12a: ai vescovi della Mauritania Cesarense; 13 capitoli; problemi liturgici, morali, religiosi; dell’ordinazione di vescovi e presbìteri; condizioni; dell’anno 446; ne esiste una duplice redazione.

13a: ai vescovi dell’Illiria; 4 capitoli; si rallegra perché essi hanno assecondato di buon grado Anastasio (cf. lett. 6), vescovo di Tessalonica; circa le ordinazioni di vescovi; dell’anno 446.

14a: ad Anastasio, vescovo di Tessalonica; 11 capitoli di problemi diversi (istituzionali, giuridici, ecc.); forse dell’anno 445.

15a: a Tur(r)ibio, vescovo dell’Asturia; di contenuto dogmatico, soprattutto contro gli errori dei priscillianisti; molto consistente; 16 capitoli; va esaminata nel testo integro; anno 447; v’è la risposta di Tur(r)ibio 58.

16a: ai vescovi della regione siciliana ; 2 capitoli; il sacramento dell’incarnazione; allegata v’è la lettera 15a.

17a: ancora ai vescovi della Sicilia; di carattere disciplinare; del 447.

18a: a Ianuario (o Gennaro), vescovo di Aquileia, per i clerici che passano all’eresia e poi ritornano alla Chiesa; restano nel grado che avevano prima; del 447.

19a: a Doro, vescovo di Benevento; 2 capitoli; circa problemi nati dall’ordinazione di presbìteri; del 448.

20a: breve lettera ad Eutiche, che si era contrapposto a Nestorio; anche con testo greco; ma - cf. seguente - subito Eutiche nega le due nature del Cristo; anno 448.

21a: di Eutiche a papa Leone; Eutiche nega si diano, in Cristo, due nature; fine 448; al termine: segue la sua professione di fede; poi un testo di un presbìtero romano, Giulio, che Eutiche avrebbe male inteso, cadendo, di conseguenza, in errore.

22a: è di Flaviano, vescovo di Costantinopoli, scritta a

papa Leone; 4 capitoli; bilingue (greco e latino); di contenuto dogmatico; chi segue le sane dottrine dei santi Padri non cade nelle reti di satana; come fanno i subdoli eretici per ingannare gl’incauti; si parla di Eutiche, che non fa altro che riproporre gli errori dell’eretico Valentino e di Apollinare; Eutiche è stato doverosamente deposto; papa Leone renda noto in Occidente detto provvedimento; anni 448/449; della lettera 22a esiste anche una redazione più antica, in latino.
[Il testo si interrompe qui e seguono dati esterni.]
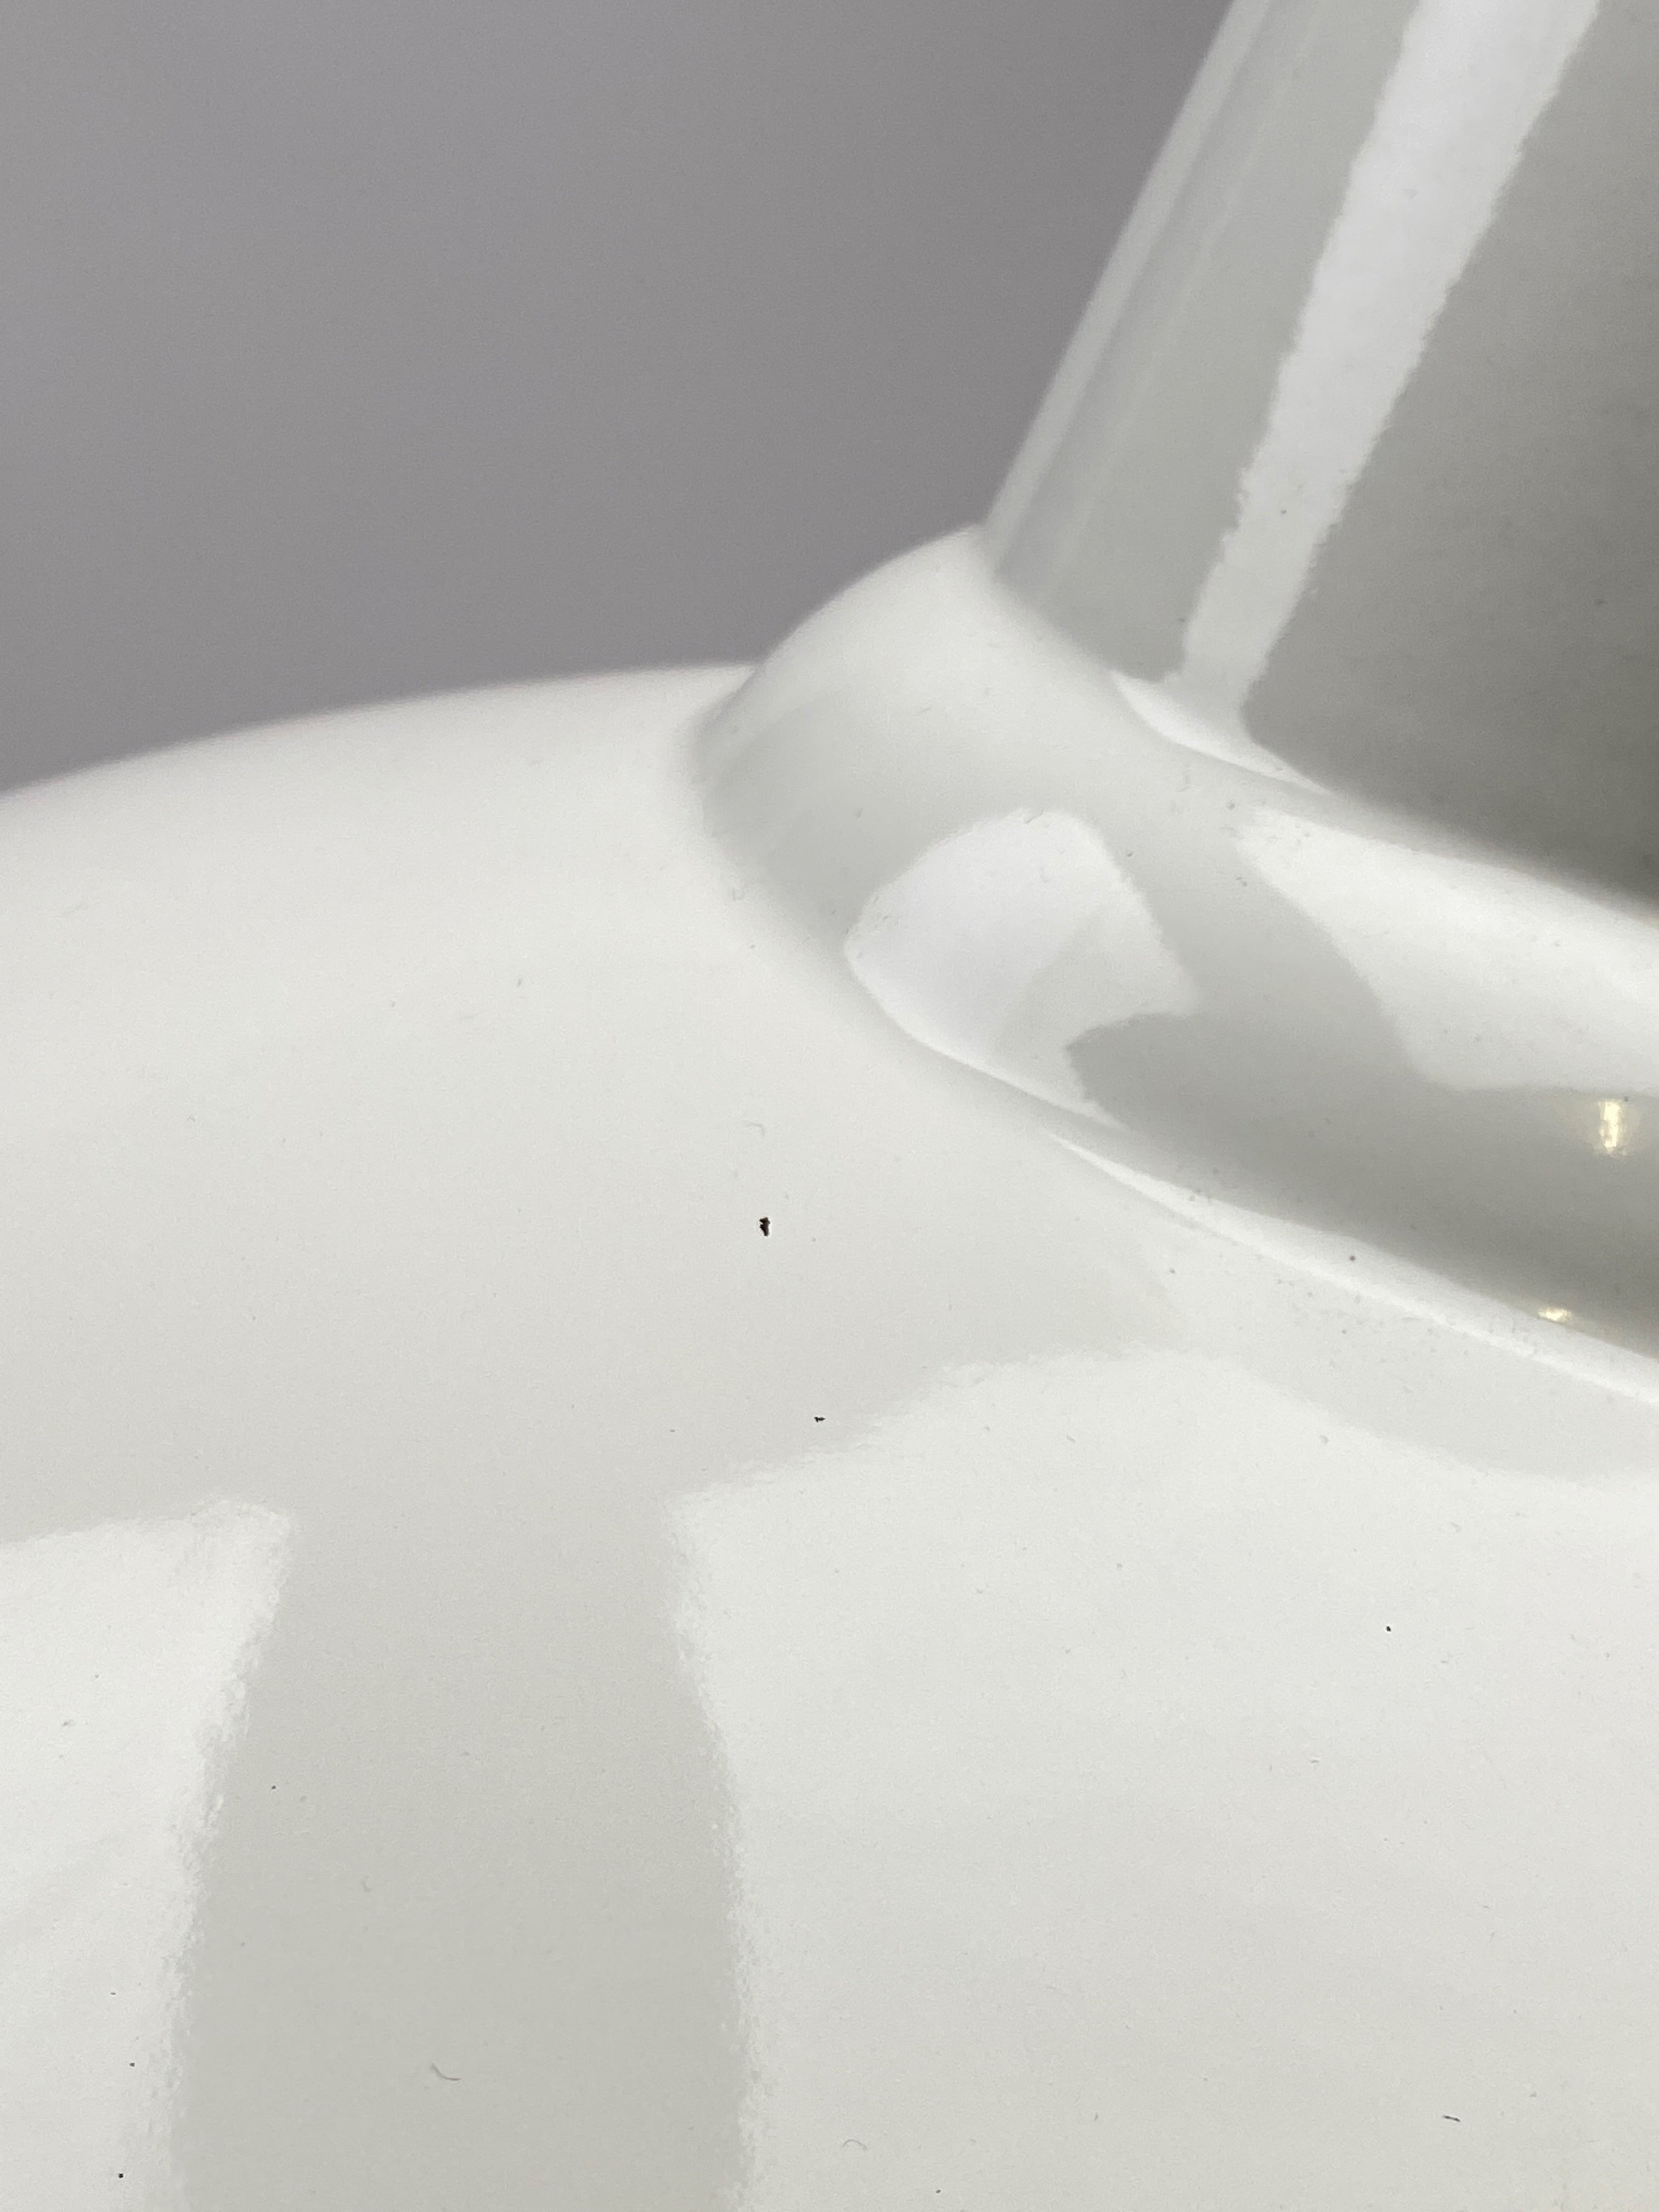 Example of Grade B damage that may be visible on a Worn Lighting Shade. Image shows minor chips/mark to the top of a white shade.

23a: al vescovo Flaviano; 2 capitoli; papa Leone si lamenta della deposizione di Eutiche (che gli aveva scritto querelando il fatto che era stato de posto); occorre ben impostare la questione, perché non ne venga compromessa la verità, ma nemmeno la carità; testo anche greco; dell’anno 449.

24a: all’imperatore Teodosio; 2 capitoli; loda la fede dell’augusto imperatore; espone quello che è stato il lamento di Eutiche; è angustiato del silenzio di Flaviano vescovo; vuol essere messo bene al corrente della questione; del 449.
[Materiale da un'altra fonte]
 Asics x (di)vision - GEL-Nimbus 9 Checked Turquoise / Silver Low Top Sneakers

25a: è di san Pietro Crisologo, vescovo di Ravenna, che scrive ad Eutiche; osserva che già da tempo ci si è pronunciati contro coloro che negano la vera natura dell’incarnazione; lo invita ad ascoltare il vescovo di Roma; 2 capitoli; in latino e greco; forse del 449.

26/: è la seconda lettera di Flaviano a Leone; bilingue; del 449; due redazioni (la più antica in tre capitoli).
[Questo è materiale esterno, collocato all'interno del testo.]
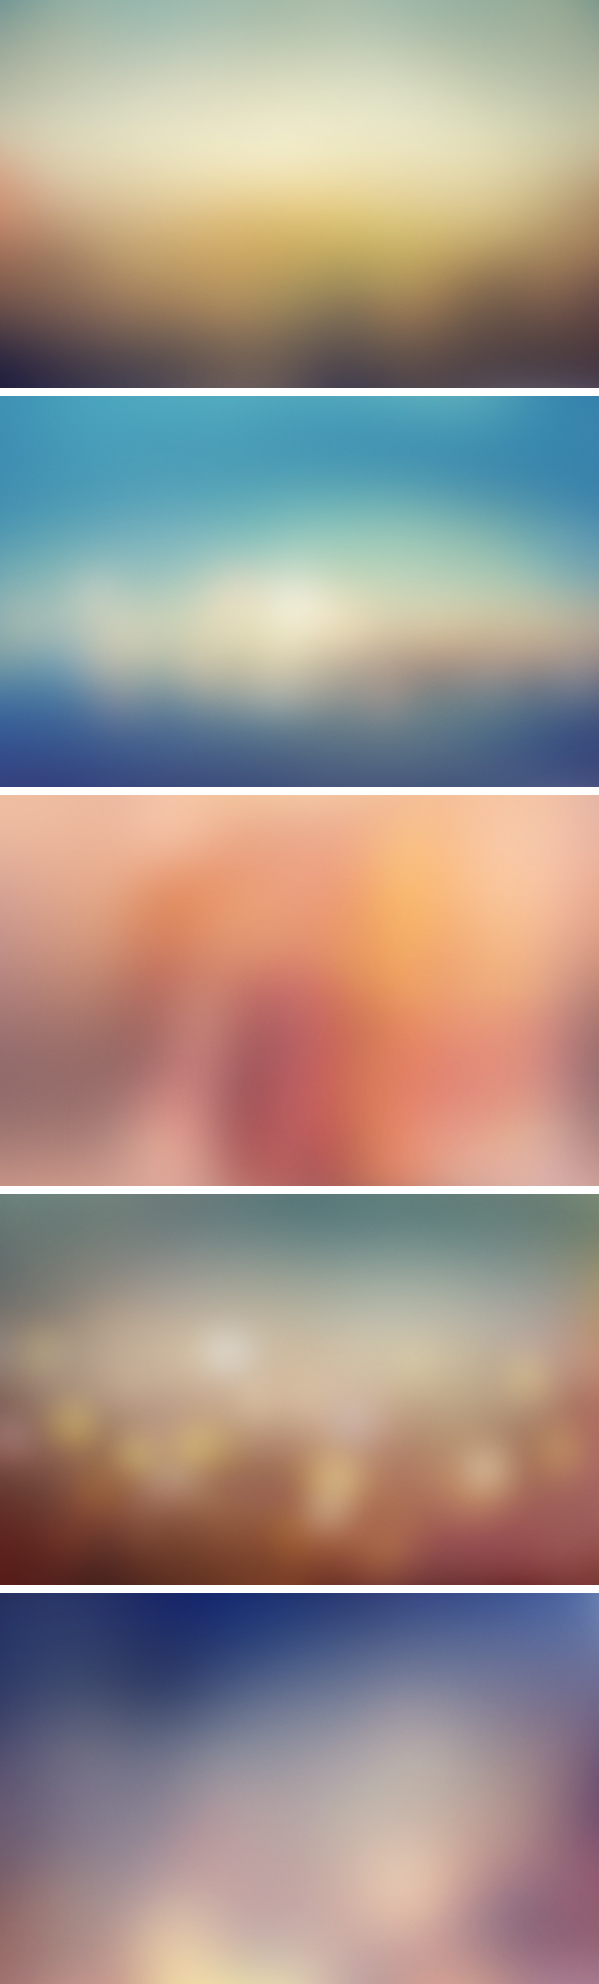 5 Blurred Backgrounds Vol.1 | GraphicBurger

27a: breve lettera di Leone a Flaviano; ne ha ricevuto risposta; sempre Eutiche il motivo; del 449.

28a: è la celeberrima lettera a Flaviano, vescovo di Costantinopoli; nella lettera Leone espone l’errore e la malafede di Eutiche; data: 13 giugno 449; 6 capitoli; dogmatica ; bilingue (latino e greco); più ampiamente nel testo; da comparare alla 165a (all’imperatore Leone) a Calcedonia (la definizione del Concilio).

29a: all’imperatore Teodosio II; in vista del sinodo 2° di

p. 1062.

Efeso (quello che sarà, invece, il «latrocinium»); la scelta dei rappresentanti del papa al sinodo; si spera in un ravvedimento dell’errante Eutiche; anche del 13 giugno 449; bilingue.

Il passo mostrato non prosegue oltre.